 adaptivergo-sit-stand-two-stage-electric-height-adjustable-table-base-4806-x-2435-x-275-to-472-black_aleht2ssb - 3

+++++

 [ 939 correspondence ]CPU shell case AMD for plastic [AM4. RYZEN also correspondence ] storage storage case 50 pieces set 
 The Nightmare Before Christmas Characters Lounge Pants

+++++

• _Exercise brief_: Beginning with the line containing "[ 939 correspondence" and ending with the line containing "The Nightmare Before", extract those lines exactly from the listing above, and only those.

• _Solution_:
 [ 939 correspondence ]CPU shell case AMD for plastic [AM4. RYZEN also correspondence ] storage storage case 50 pieces set 
 The Nightmare Before Christmas Characters Lounge Pants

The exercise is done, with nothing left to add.